- **Data excerpt**
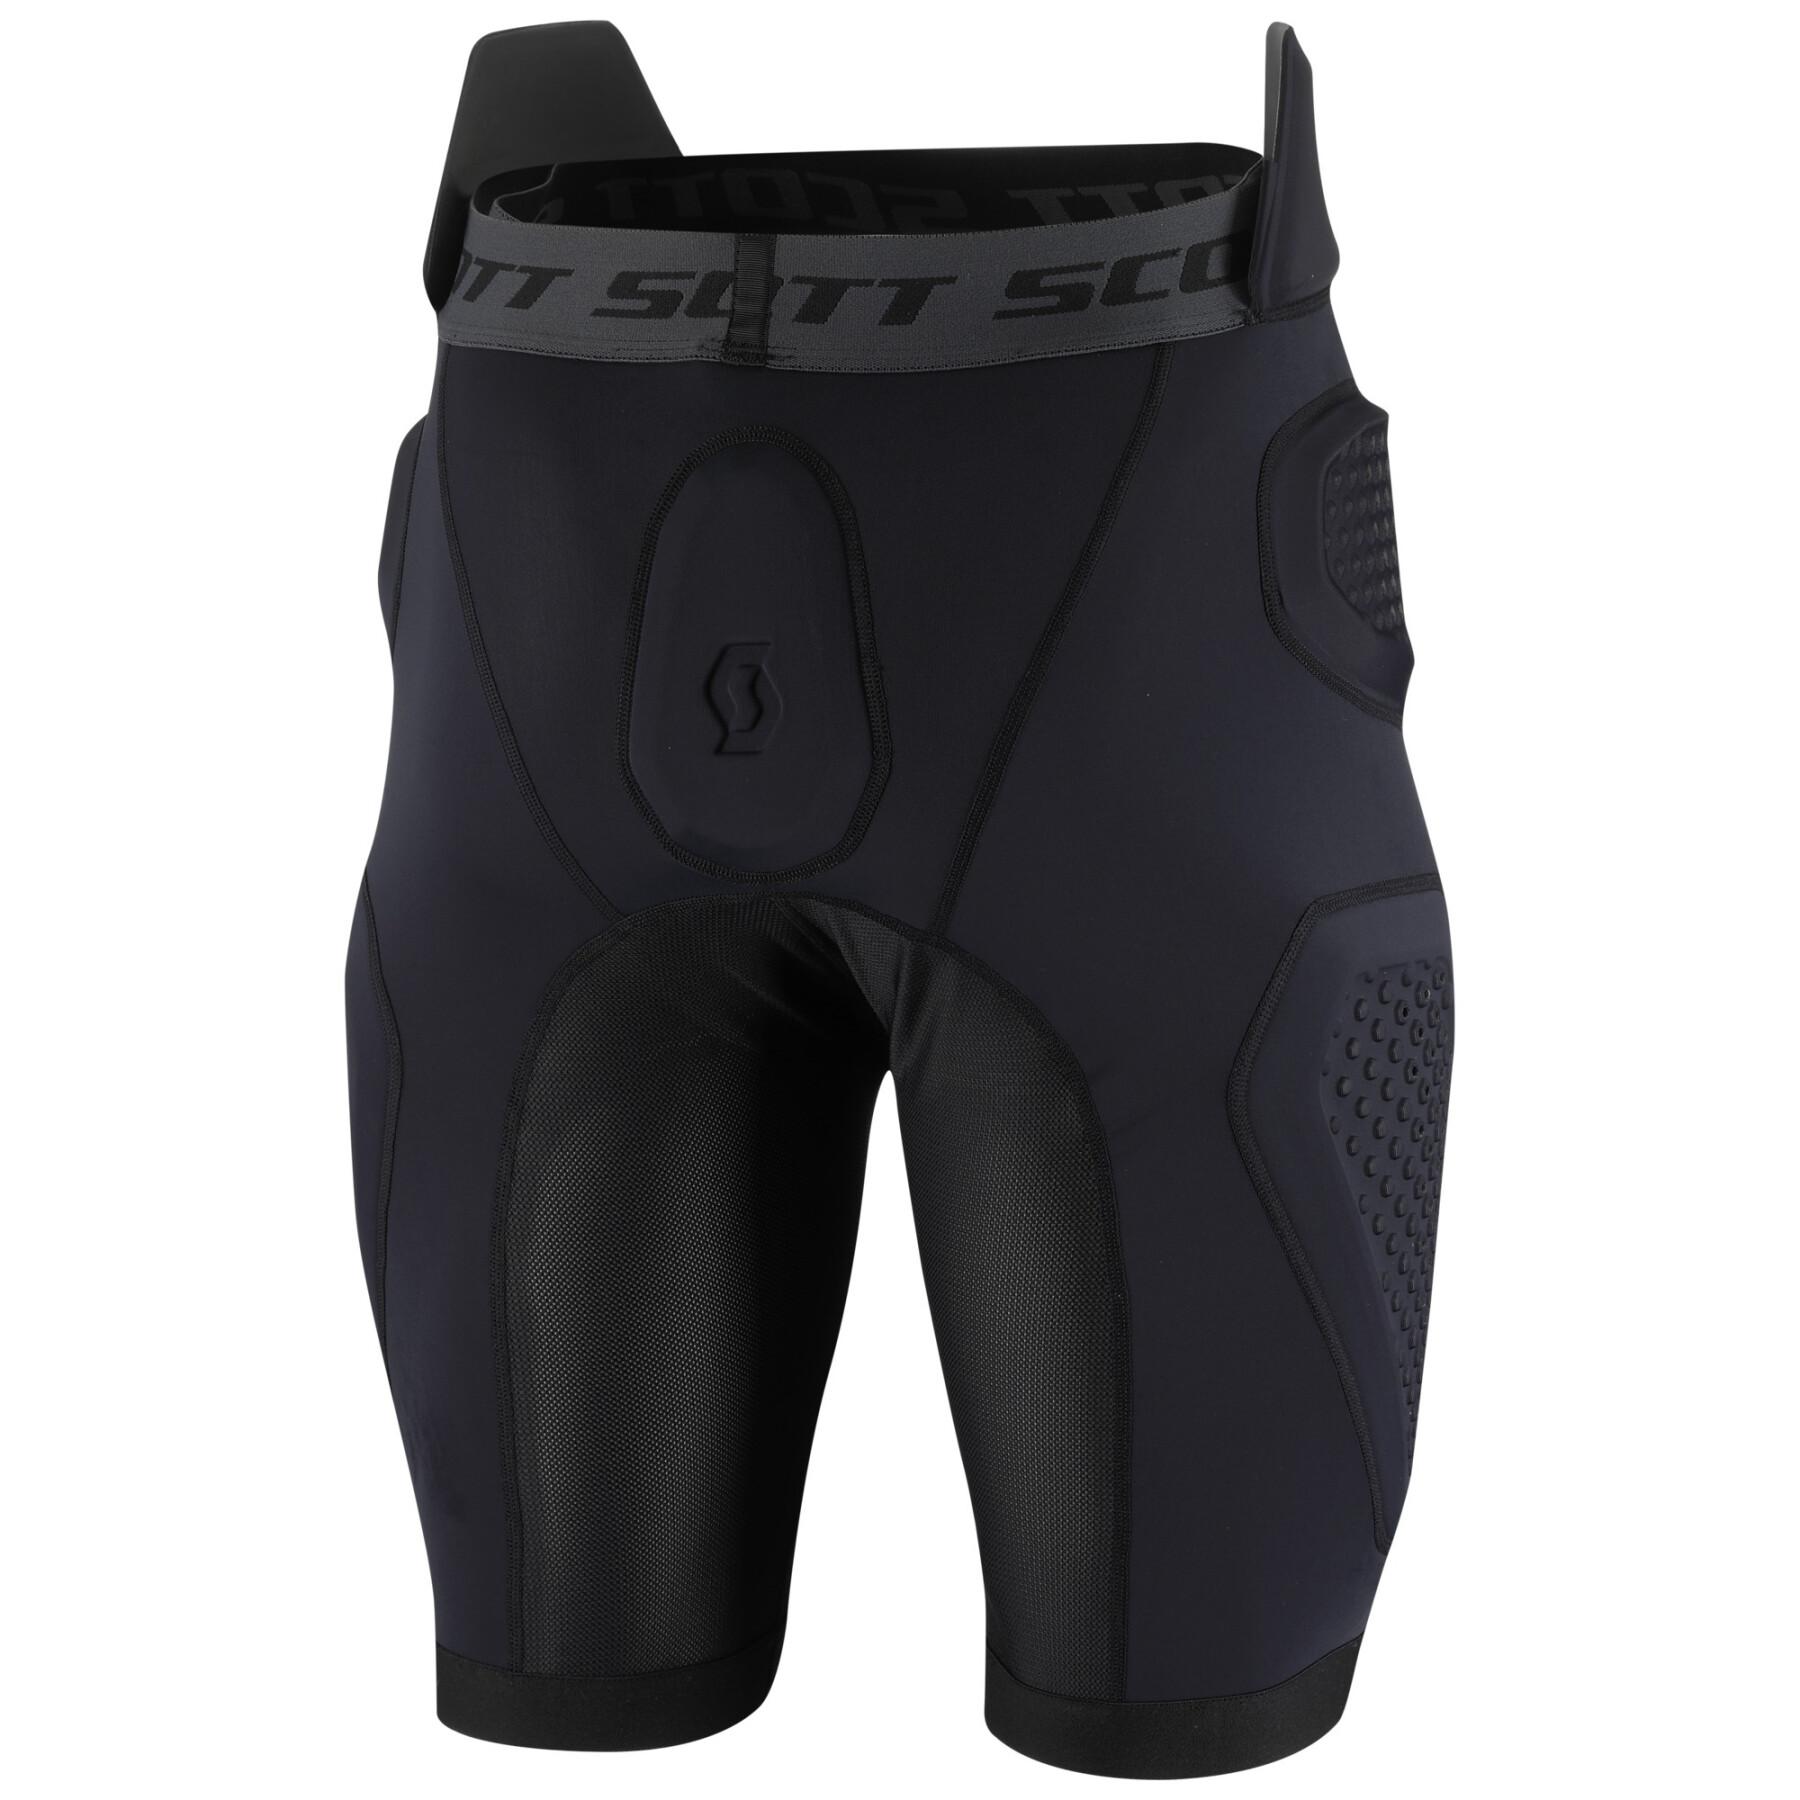 Pantalones cortos de protección Scott softcon air
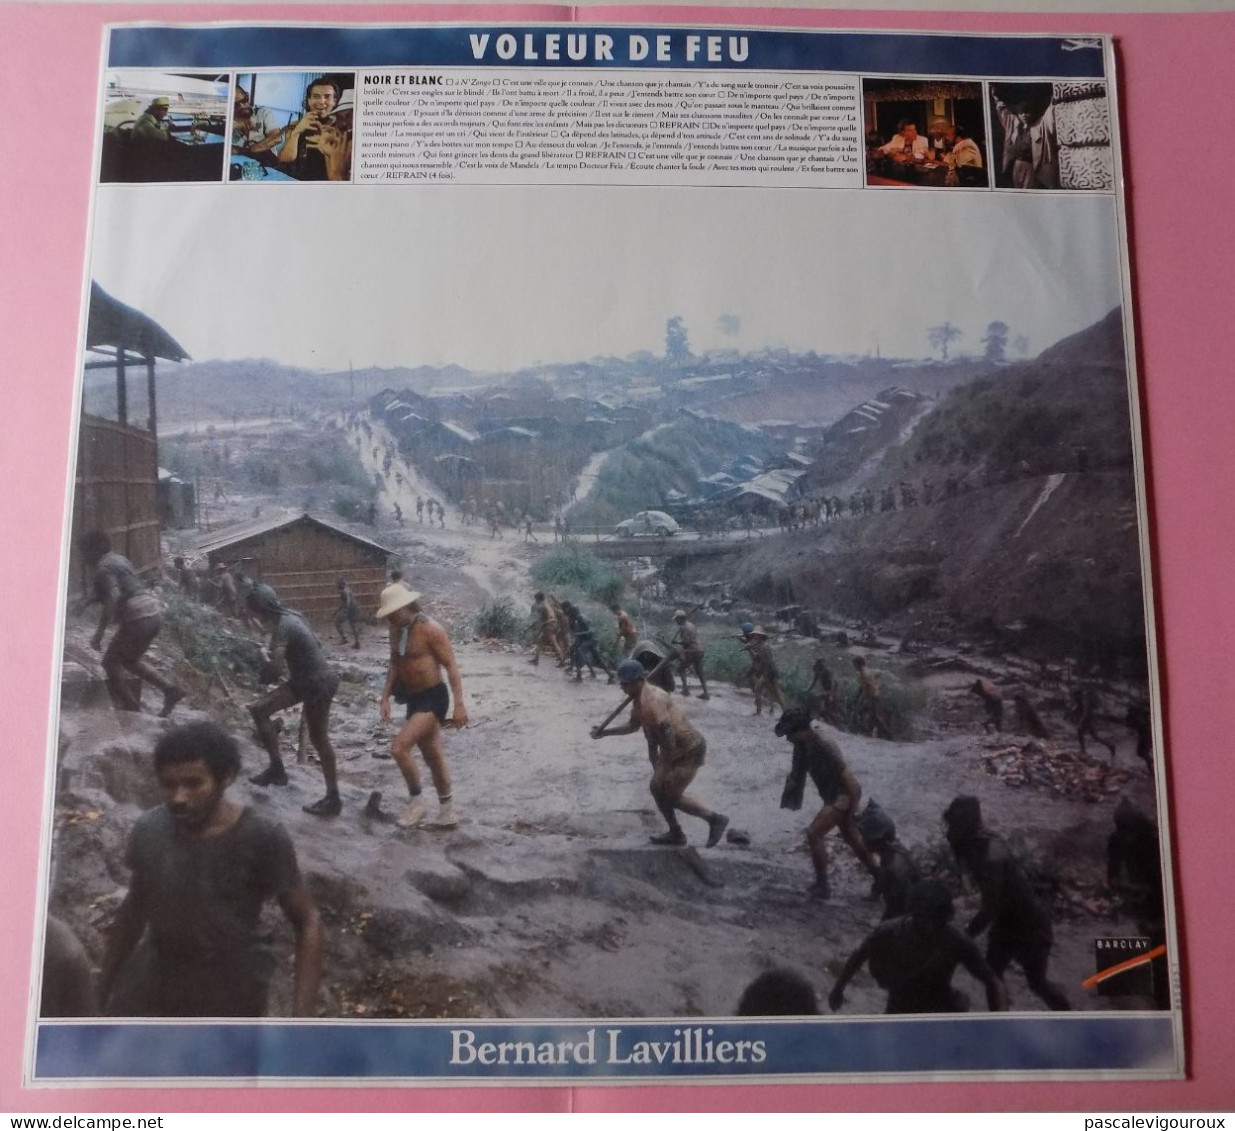 BERNARD LAVILLIERS VOLEUR DE FEU DOUBLE 33T LP 1986 BARCLAY 829.341/1 2 Disques - Altri - Francese
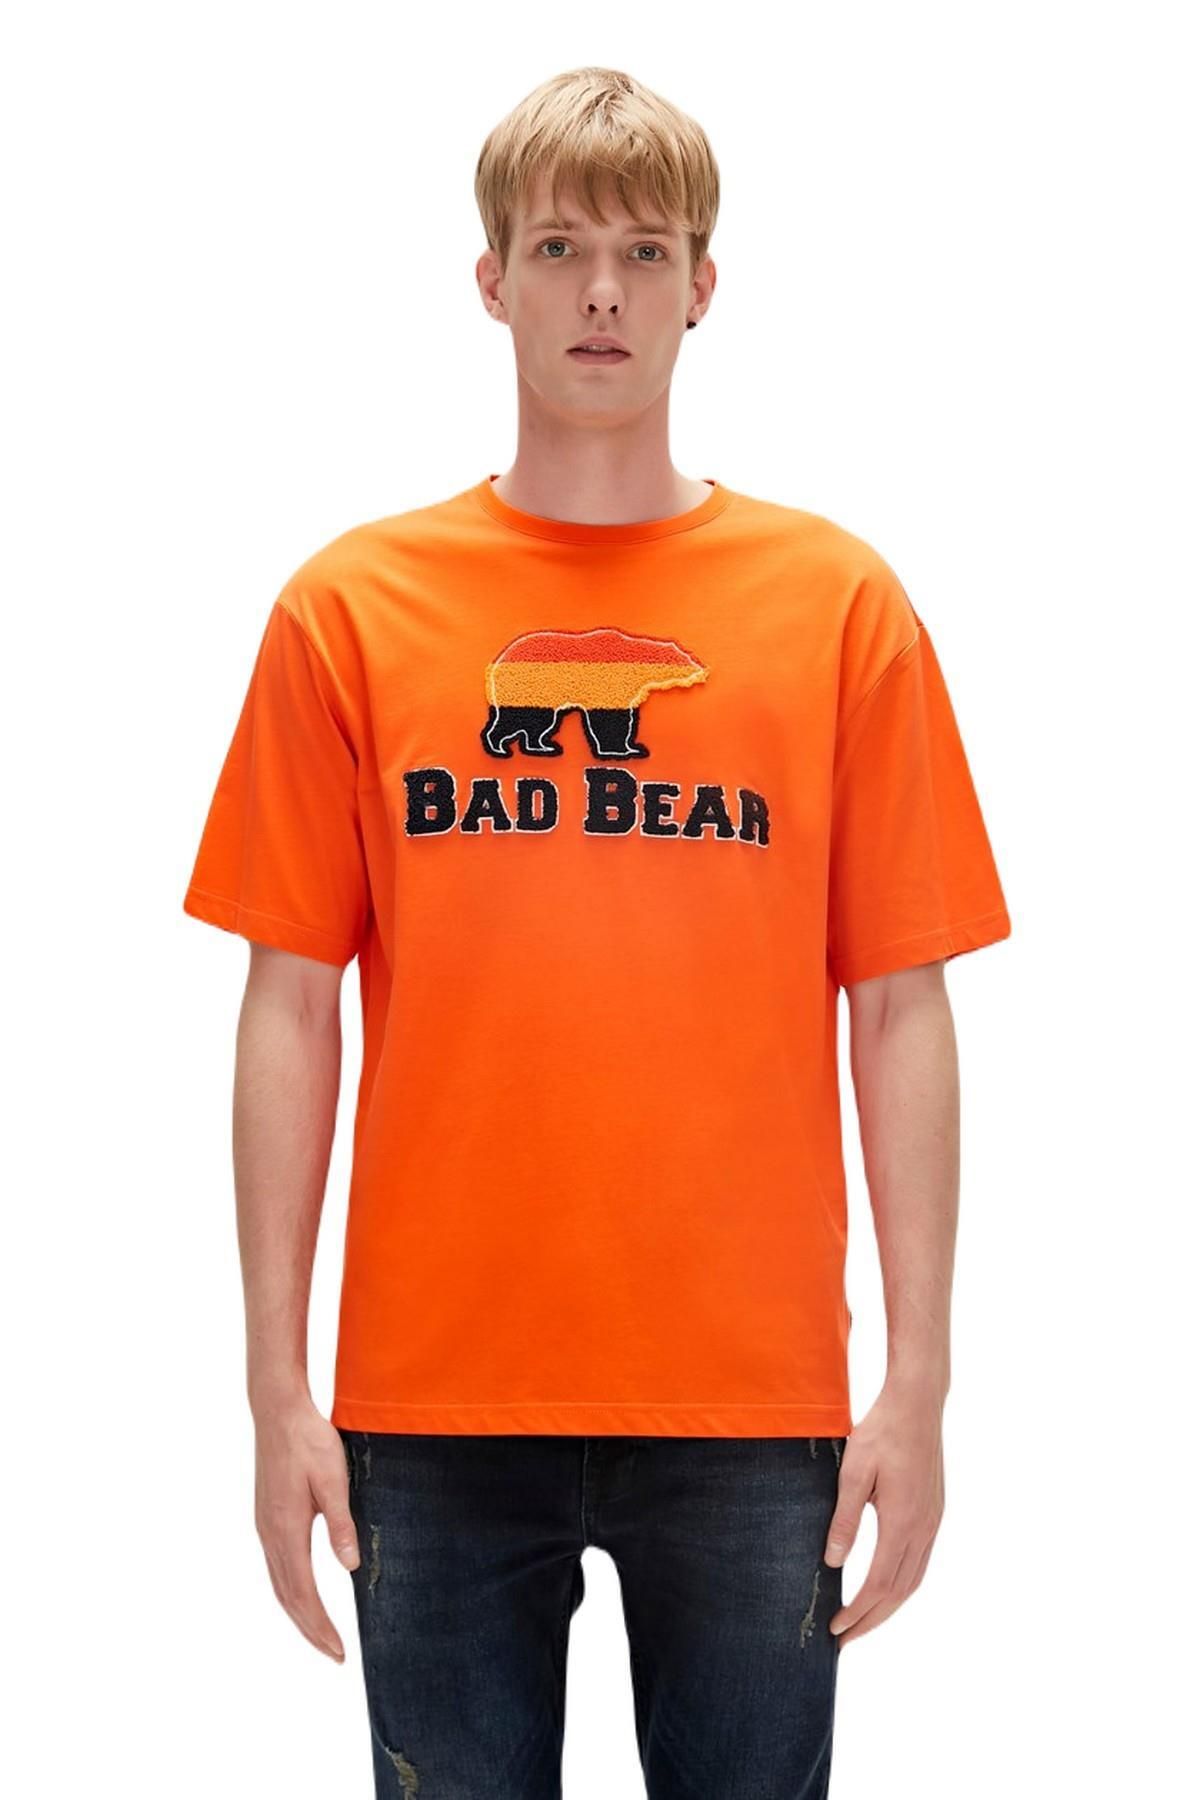 Bad Bear 23.01.07.027-c38 Tripart Erkek T-shirt

- **Your assignment**
Each line from the one holding "BERNARD LAVILLIERS VOLEUR" through the end of the listing is to be output exactly, both ends included, with no other lines and the pictures left out.

- **Exercise result**
 BERNARD LAVILLIERS VOLEUR DE FEU DOUBLE 33T LP 1986 BARCLAY 829.341/1 2 Disques - Altri - Francese
 Bad Bear 23.01.07.027-c38 Tripart Erkek T-shirt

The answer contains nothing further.